Н. Дурова. Кавалерист-девица.
Происшествие в России. Ч. 2

Который день то шагом, то рысью, то галопом кружил по дорогам Волынской губернии отряд корнета Александрова. Двенадцать солдат, унтер-офицер, две вьючные лошади с палатками, запасом овса и сухарей сопровождали молодого офицера повсюду. Надежда методично, одну за другой, объезжала помещичьи усадьбы в поисках фуража для ста тридцати строевых лошадей эскадрона полковника Скорульского. Четыре дня назад ей удалось отправить в Стрельск воз сена и телегу, груженную мешками с двадцатью пятью пудами овса, но этого было мало, очень мало.

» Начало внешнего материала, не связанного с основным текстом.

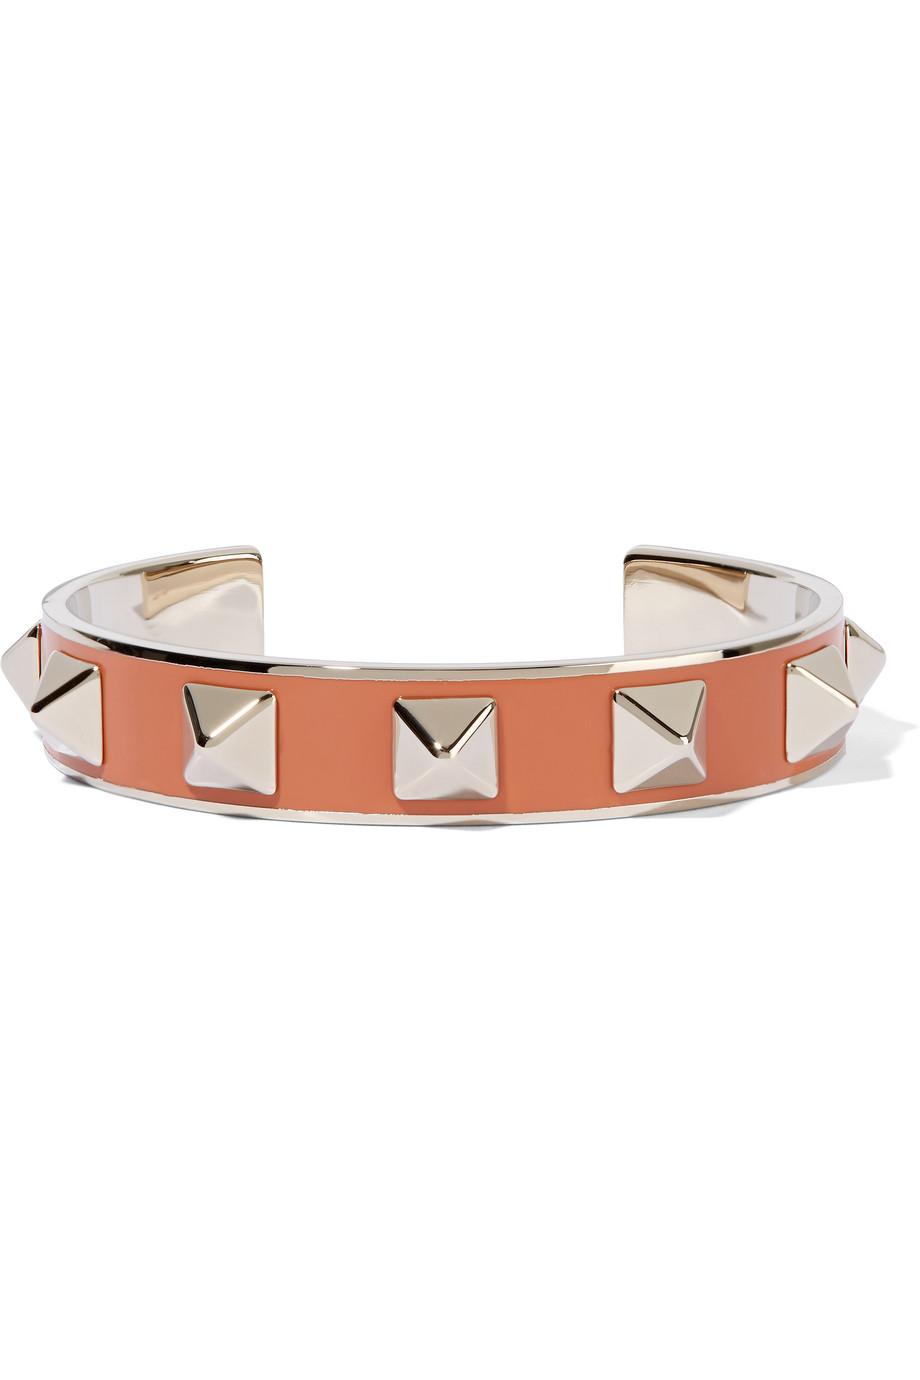 Valentino The Rockstud Pale Gold-Tone Enameled Cuff, Orange, Women's

Во внутреннем кармане форменной тёмно-синей куртки у Надежды лежала грозная бумага с полковой печатью – «баранта». В ней говорилось о широких полномочиях корнета Александрова. Он имел право взять этот самый фураж силой, заставить хозяина отправить его на хозяйских же повозках в штаб эскадрона, а вместо денег выдать ему квитанцию за своей подписью, по которой потом в полковой кассе с ним произведут полный расчёт.

Слов нет, всё это было крайне невыгодно местным землевладельцам. Как раз для их устрашения корнет и являлся на подворье со своими солдатами, вооружёнными штуцерами. Затем один, побрякивая длинной саблей, заходил в дом и вежливо начинал с хозяином разговор о том, что Российская армия предлагает ему хорошую сделку.

Фураж у поляков был, но они не желали его продавать. И не потому, что ездить с квитанциями туда-сюда хлопотно. Они приберегали сено и овёс для кого-то другого. В апреле 1812 года они уже уверены были, что этот другой покупатель скоро заплатит им не рублями, а франками. Впрочем, за возрождённое герцогство Варшавское, за обещанное им княжество Литовское, за посрамление ненавистной России многие из них готовы были не только продать, но и даром отдать и сено, и овёс, и жизни своих сыновей новому великому завоевателю.

Действовать на территории, где часть населения уже не скрывала своей враждебности к российским войскам, приходилось осторожно. Надежда предпочитала уговаривать, улещивать высокомерных ясновельможных панов, а не грозить им «барантой». Двенадцать солдат в какой-нибудь украинско-польской деревне дворов на пятьдесят – семьдесят – разве это защита?

Пока её долгие разъезды и хитрые переговоры приносили результат. Зато корнет Чернявский чуть не вызвал восстания в местечке Столин, отлупив у дверей амбара, забитого мешками с овсом, управляющего-поляка, который не пускал его туда и лгал в глаза российскому офицеру, что фуража здесь нет, а мешки наполнены стружкой.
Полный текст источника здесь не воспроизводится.